13 June 2018
Recent Legacy Labyrinth attendees have heard of the alarming broadening out of the deathbed gift doctrine (often referred to by its Latin name of Donatio Mortis Causa, or DMC for short).
The Court of Appeal handed down Judgment two days ago (Tuesday 9 June) in King v Chiltern Dog Rescue reining in the recent expansion in the doctrine of deathbed gifts. In Vallée v Birchwood the doctrine was held to accommodate the alleged gift of a house many months prior to actual death.

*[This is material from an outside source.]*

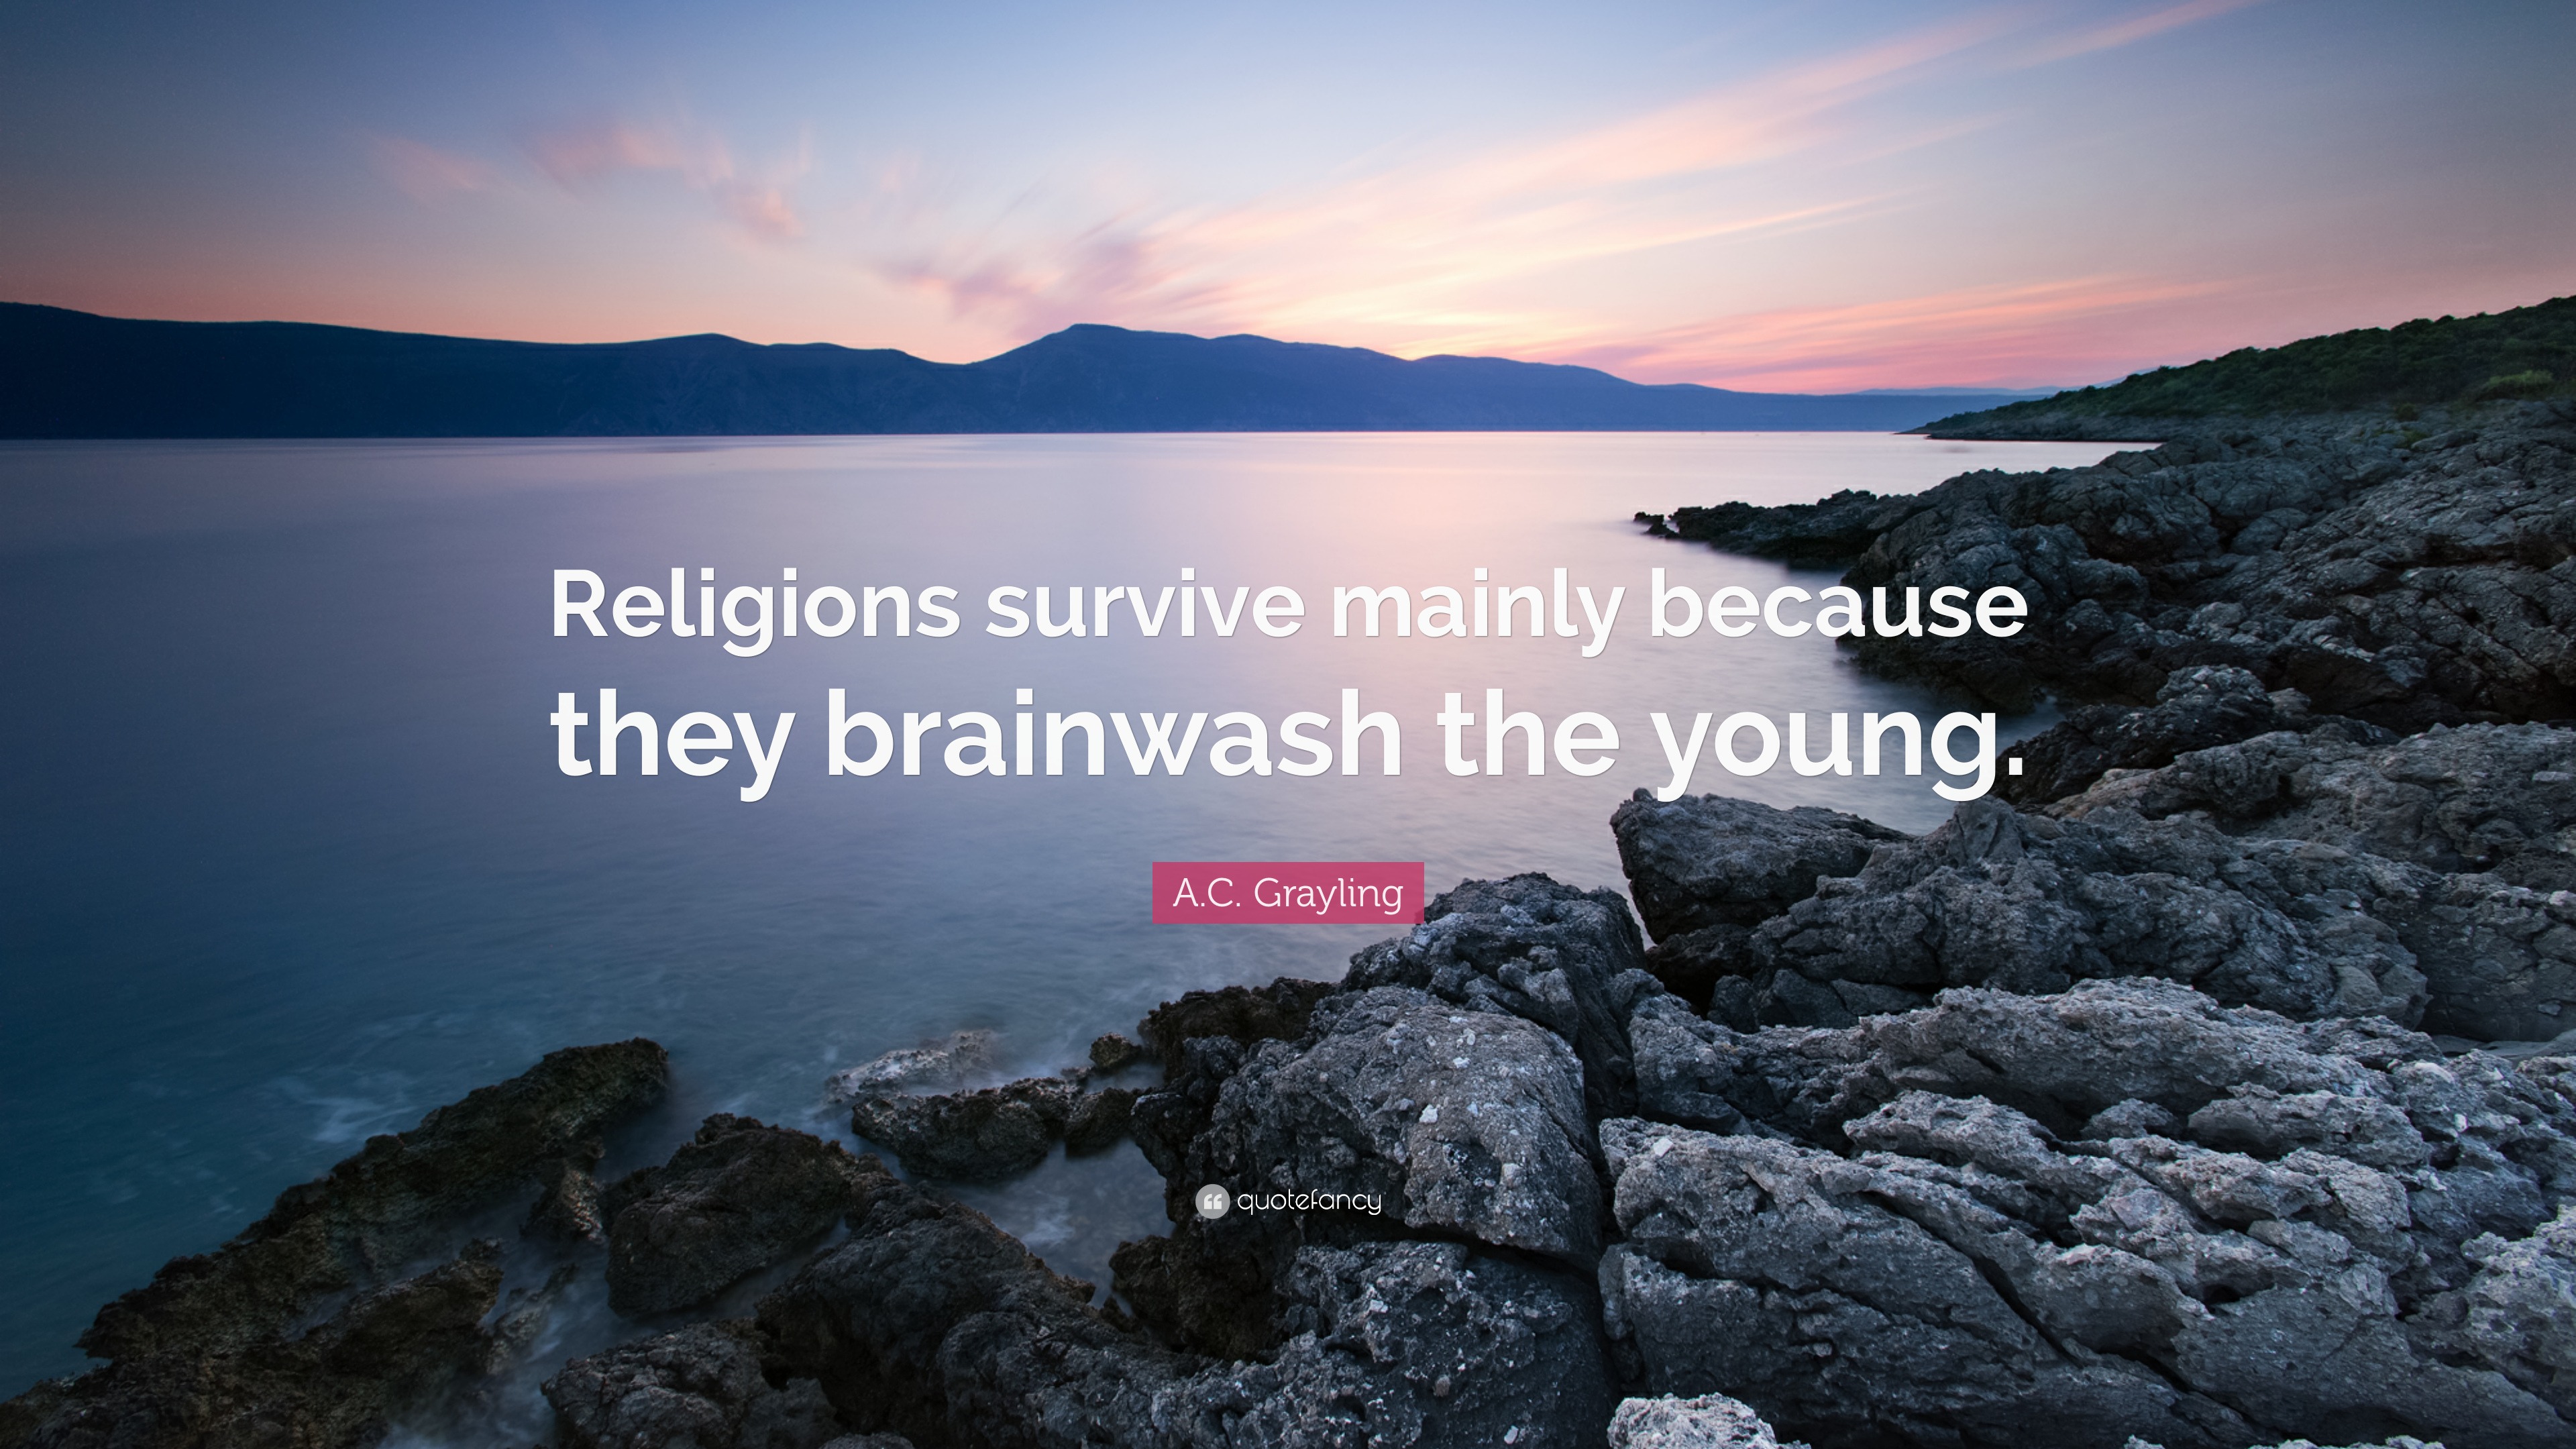 A.C. Grayling Quote: “Religions survive mainly because they brainwash the  young.”

In King v Chiltern a nephew claimed that his increasingly frail aunt had handed title deeds of her property to him four to six months prior to death. He therefore claimed the house by virtue of the doctrine of deathbed gifts (and for good measure brought a 1975 Act claim as dependent on the basis that he had been living in the property prior to the aunt's death). Various charities, whom the aunt had chosen to benefit under her will, stood to lose out significantly.
The Judge at first instance believed the nephew, notwithstanding a past criminal record for dishonesty, and in July 2014 awarded him the house, and, in the alternative, awarded him £75,000 on the basis that if the deathbed gift failed, the will did not make reasonable financial provision for the nephew.
The charities appealed both decisions (and the nephew cross-appealed saying £75,000 was not enough and that he should have £150,000).
The leading decision is given by Lord Jackson. He summarises the requirements for a valid deathbed gift which are that
- the donor is contemplating his or her own impending death;
- the donor is making a gift which will only take effect if the contemplated death occurs, and until it does occur, the donor has the right to revoke the gift; and
- the donor 'delivers dominion' over the subject matter of the gift, (in short, dominion constitutes the item itself, or the means of control, such as a key).
He then outlines the development of the deathbed doctrine (from ancient Rome to the modern day) at paragraphs 35 to 48 of his Judgment (see link below).
Importantly, at paragraph 51, he highlights the fact that the 'doctrine paves the way for all of the abuses' which the strict requirements for making a will are intended to prevent, and in his Judgment, with which the other two Lord Justices agree, makes it clear that it is 'important to keep DMC within its proper bounds' and urges the courts to avoid the temptation to extend the doctrine to an ever wider range of situations.
In allowing the appeal against the deathbed gift Lord Jackson rules that the first requirement of the deathbed gift doctrine, namely that the aunt be contemplating her impending death when the crucial conversations took place, was not fulfilled. In Lord Jackson's words 'it cannot be said that [the aunt] was contemplating her impending death at the relevant time. She was not suffering from a fatal illness. Nor was she about to undergo a dangerous operation or to undertake a dangerous journey'.
Importantly, he makes the point that she had the time and the capacity to make a new will if she had indeed intended to make the kind of disposition for which the nephew contended.
Lord Justice Patten, giving a concurring Judgment, emphasised the importance of unequivocal evidence and said that the doubts expressed by the Judge at first instance should have led him to find that the gift had not been proved.
This decision represents a very positive outcome for the charities.
The only downside is that the appeal against the award of £75,000 was upheld (although this does not appear to have been a major plank of the discussion on appeal, and also positive is the fact that the nephew's cross-appeal, arguing that the £75,000 should in fact have been £150,000 also failed).